PowerFeet was the company's first high end product that was unrelated to its tennis racquet line of business. This product used jell packs in the shoe's soles to absorb and redirect force away from the user's feet and ankles. The PowerFeet series of shoes were ranked one of the best on the market. A pair of the shoes weighed less than 14 ounces and retailed for under $100. These features made it one of the best buys in the market. When the first PowerFeet shoes were launched in 2013, Jack Remington and his management thought that market demand for the product would be sufficiently buoyant to increase corporate sales by more than 50 percent.

TechTennis-USA products were sold in over 5,000 retail outlets, including stores operated by the major retail and sporting goods chains in the United States.The company's products were designed to appeal to the sports active consumers. The products combined a lightweight, functional design with ergonomic com-fort, and lower price range. The PowerFeet shoe series was rated in the industry as a "best buy" because of its low price, comfort, and overall quality. However, its latest tennis racquet was rated as having handle vibrations and the racquet's factory supplied strings tended give a stiff feeling. In addition, the Power-T's, while relatively inexpensive, having a three button front with collar, also had problems. The shirt's sleeve stitching tended to unravel after several washings.

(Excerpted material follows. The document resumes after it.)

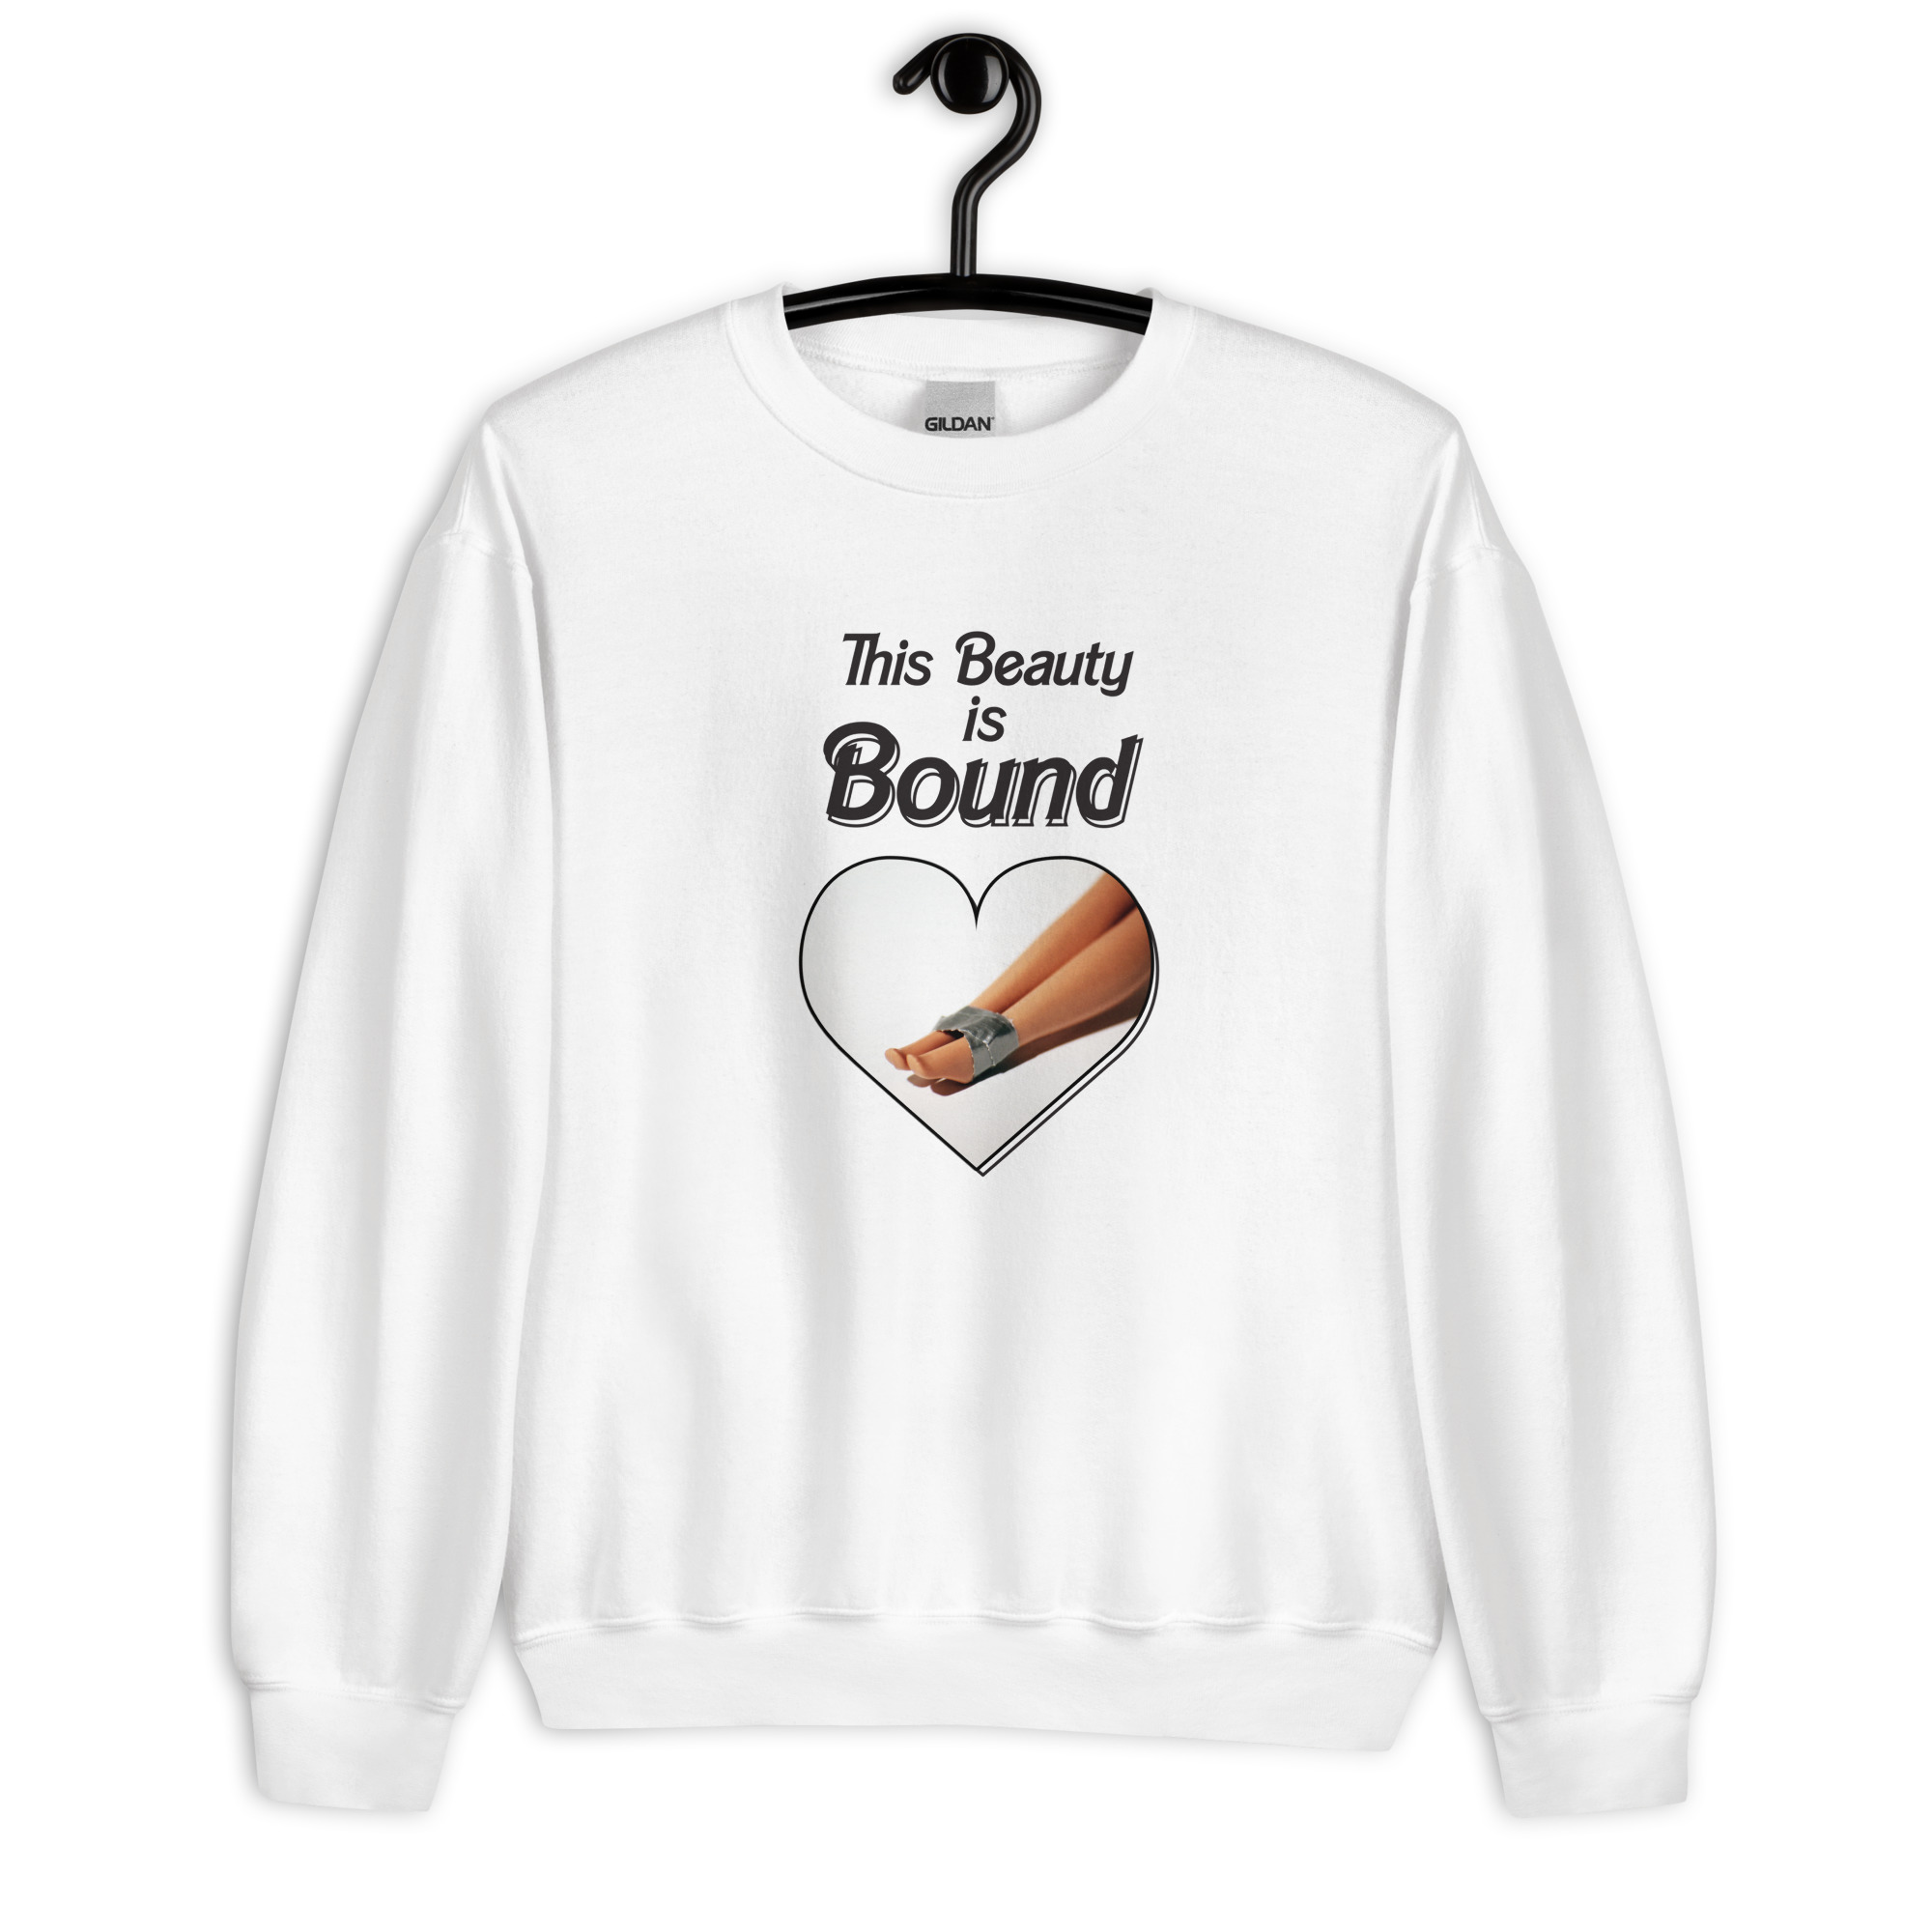 This Beauty is Bound sweatshirt by Wilde Designs

By the late 2013, Jack Remington had transformed TechTennis-USA from a single product company to a tightly integrated, three product line company. Eighty-three percent of its sales were from light-weight tennis racquets, 11 percent from sport shirts, and six percent from sport shoes. Sales of sport shirts had been increasing along with the increase in sales of the ULT-Racquet. The company's stock grew from just over $5 a share in 2012 to over $22 in 2013. By TechTennis-USA's fiscal year end, June 2014, the stock reached a high of $27.50.

Operating Results and Financial Position

The operating results reported by the company suggested that TechTennis-USA's new products were very well received by the market. By the end of the second quarter of fiscal 2013 (December 31, 2013), sales had increased by 70 percent. This contrasted sharply with the 14 percent sales increase for the first quarter. Thus, much of the increased sales for the second quarter were attributable to the success of the Power-T's and the PowerFeet product lines. Comparative financial statements for the years 2011 to 2014 are provided in Table 1.During fiscal 2011, a charge of $2,891 million was included in the income statement (shown separately in Table 1) for write-down of inventory to reflect the difference between the fair value and historical cost of inventory.

Between 2011 and 2014, reported performance showed significant increases. Reported sales increased by 13 percent, 68 percent and 41 percent during 2012, 2013, and 2014, respectively. According to the company's 2014 annual report (page 1), fiscal 2014 was "the eighth consecutive year of record sales and earnings." Reported income and earnings per share (EPS) also showed significant increases during that period. Both reported net income and reported EPS increased by over 260 percent in 2012. These numbers did not rise as sharply in 2013 and 2014, but the reported growth rates for these items were still in excess of 50 percent in both of those years. Sales to one customer aggregated approximately 20.4% of net sales in 2014 and 15% in 2013. Allowance for doubtful accounts as of June 30, 2014, 2013, 2012, and 2011 were $4.26 million, $4.76 million, $2.00 million, and $1.91 million, respectively.

A comparative balance sheet for TechTennis-USA is also presented in Table 2.

QUESTIONS

1.Review the financial information in the attached Tables 1 and 2. Explain why you may or may not be concerned? Perform a complement of procedures to gather analytical evidence of risk. These procedures should include trends for all assets, liabilities, sales, cost of goods sold, gross margin, and total operating expenses, in addition to select ratio analysis. Though you have a comparative income statement and balance sheet, common size statements and comparisons to industry averages may be useful. Does the quantitative evidence indicate accounts or account groups that have expectantly changed over the past two or three years? Do these initial results justify "specific" further investigation?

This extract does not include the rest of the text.